A "complex number" is a number of the form a+bi, where a and b are both real numbers and i is the principal square root of -1. Since b can be equal to 0, you see that the real numbers are a subset of the complex numbers. Similarly, since a can be zero, the imaginary numbers are a subset of the complex numbers. So let's take two complex numbers: a+bi and c+di (where a, b, c, and d are real). We add them together and we get: (a+c) + (b+d)i The sum of two real numbers is always real, so a+c is a real number and b+d is a real number, so the sum of two complex numbers is a complex number. What you may really be wondering is whether the sum of two non-real complex numbers can ever be a real number. The answer is yes: (3+2i) + (5-2i) = 8. In fact, the complex numbers form an algebraic field. The sum, difference, product, and quotient of any two complex numbers (except division by 0) is a complex number (keeping in mind the special case that both real and imaginary numbers are a subset of the complex numbers).

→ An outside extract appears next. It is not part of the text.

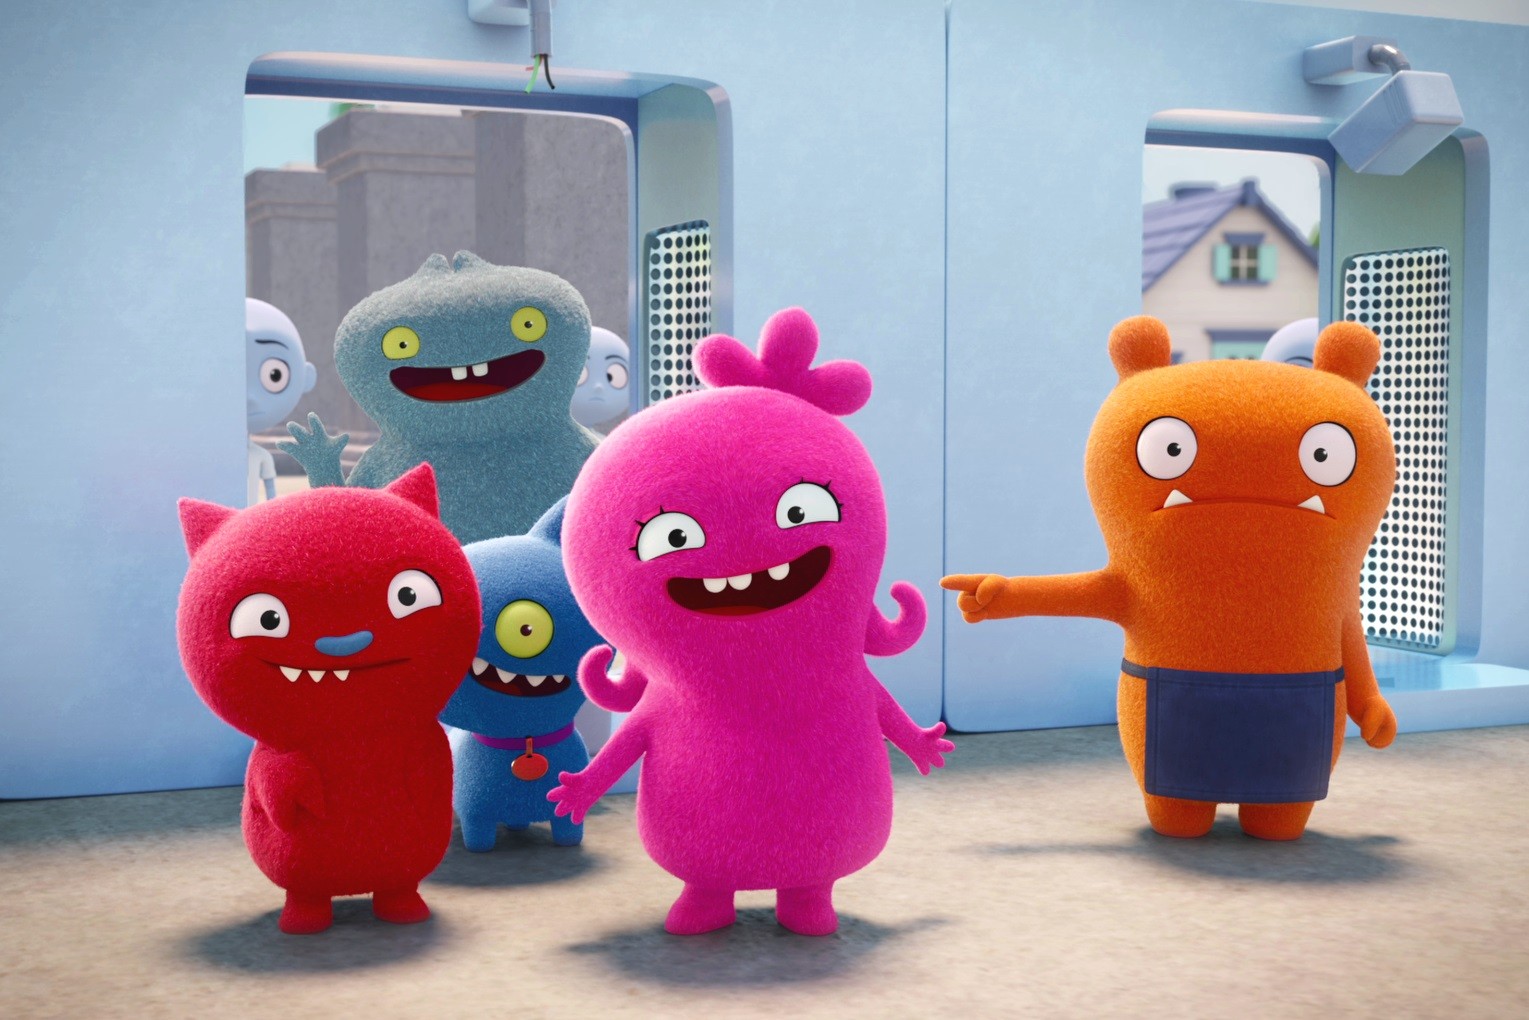 Moxy (centre, voiced by Kelly Clarkson) and friends in a still from UglyDolls (category: I), directed by Kelly Asbury.

If z1=a+ib and z2=c+id then the product z1*z2=(ac-bd)+i(ad+bc)
If you are talking about pure imaginary numbers (a complex number with no real part) then no. Example: bi times ci where b and c are real numbers equals b*c*i² = b*c*(-1) = -b*c, which is a real number, because b & c & -1 are all real numbers. If you're talking about multiplying two complex numbers (a + bi)*(c + di), then the product will be complex, but it could be real or imaginary, depending on the values of a, b, c, & d.
The complex numbers are a field.